実戦に復帰
「ゲームで投げるのが1年弱ぶりだったので、やっとできたなという感じです」。
昨年7月に『右ひじ関節鏡視下遊離体除去術』を行ったロッテの佐々木千隼が、4月3日のヤクルトとの二軍戦で実戦復帰。ここまで二軍戦に2試合登板するなど、復活に向けてまた一歩前進した。
佐々木は昨年7月に手術を受けた後、ロッテ浦和球場を中心にリハビリトレーニングを続けてきた。またこの故障は、決してマイナスなことばかりではなかった。「どこの筋肉が弱いとかを病院やトレーナーさんに教えてもらったり、今まで気にしてこなかったことを学べたのは大きいかなと思います」。肩、肘に関しての知識、トレーニングの方法など新たな引き出しを増やすことができた。
コツコツとリハビリを続け、ブルペンでの投球練習、シート打撃など段階を踏んでいき、4月3日のヤクルトとの二軍戦で復帰を果たした。
佐々木は「投げられて良かったなという感じ。色々(課題と収穫は)ありますけど、まだ2回しか投げていないです。細かいことを突き詰めていきたいですけど、痛みなく投げられたことが一番」と2試合の登板を振り返り、「色々課題があるなかで、今後投げさせてもらえるのであれば、修正していかないといけないと思っています」と決意を述べた。
佐々木を指導する小野二軍投手コーチは「実戦にやっと少し入ってこれたかなという感じです。彼本来の姿ではないとは思っているんですけど、実戦で投げていく中で、彼本来の状態を少しずつ取り戻せるようにさせていきたいなと思います」と話しており、現状では完全復活に向けた階段をまた一歩上ったところだ。
好感触の外角ストレート
本来の状態を取り戻す過程ではあるが、その中でもキラリと光ボールを投げている。4月13日の日本ハムとの二軍戦、7回一死走者なしの場面、松本剛に対し3ボールから投じた4球目と5球目の外角ストレートは、捕手・宗接唯人のミットに吸い込まれる素晴らしいボールだった。
佐々木自身も「ああいったボールをコンスタントに投げられればいいなと僕も試合後に思いました」と好感触を持った。
「投げミスすることなく、外角にコンスタントに決められれば、ゲームは作れるなと感じます。難しいことだとわかっていますけど、それをやらないと一軍にも上がれないし、一軍で勝てないと思う」。
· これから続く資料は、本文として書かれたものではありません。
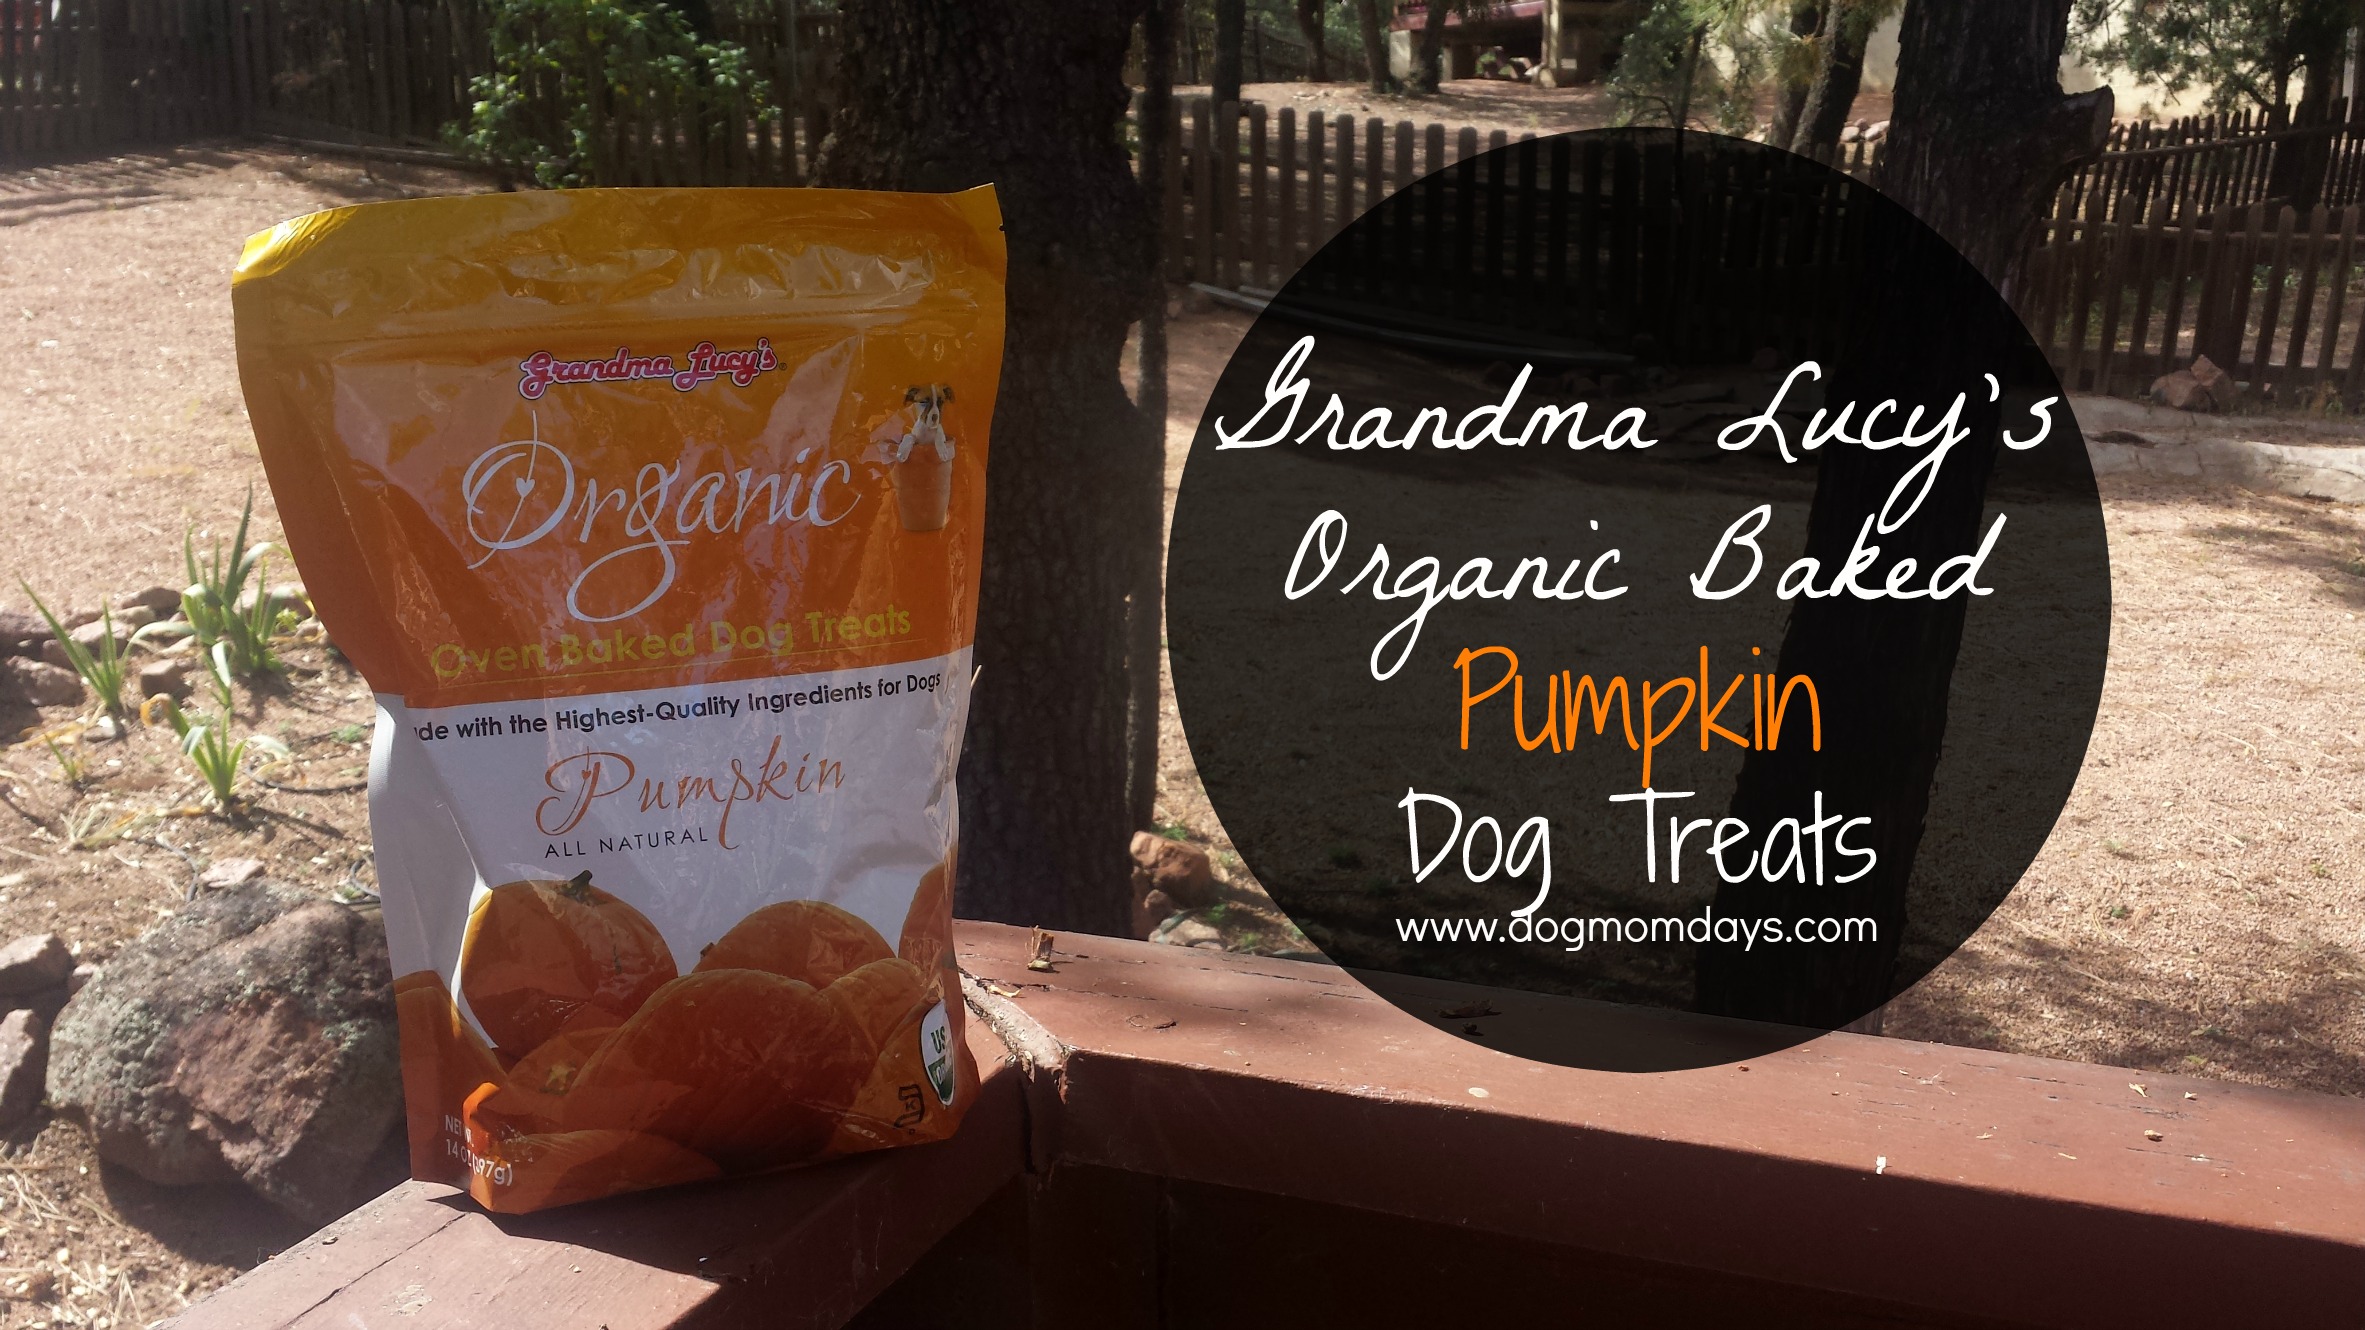 Grandma Lucy's Organic Baked Pumpkin Dog Treats product review

手応えを感じた一方で、外角にキッチリと制球する確率を増やしていかなければ、一軍の打者、一軍で勝負ができないと感じたようだ。一球が命取りになる勝負の世界。細かい制球力が、非常に重要になってくる。
二軍戦に復帰し課題と収穫点をみつけた佐々木が、次に目指すところは当然一軍のマウンド。「全然二軍で結果を出していないですし、二軍で結果を出したいなというところです」と佐々木。ロッテファンも、佐々木が一軍で投げる日を楽しみに待っている。二軍で結果を残し、一軍のマウンドで躍動する姿をファンに見せたいところだ。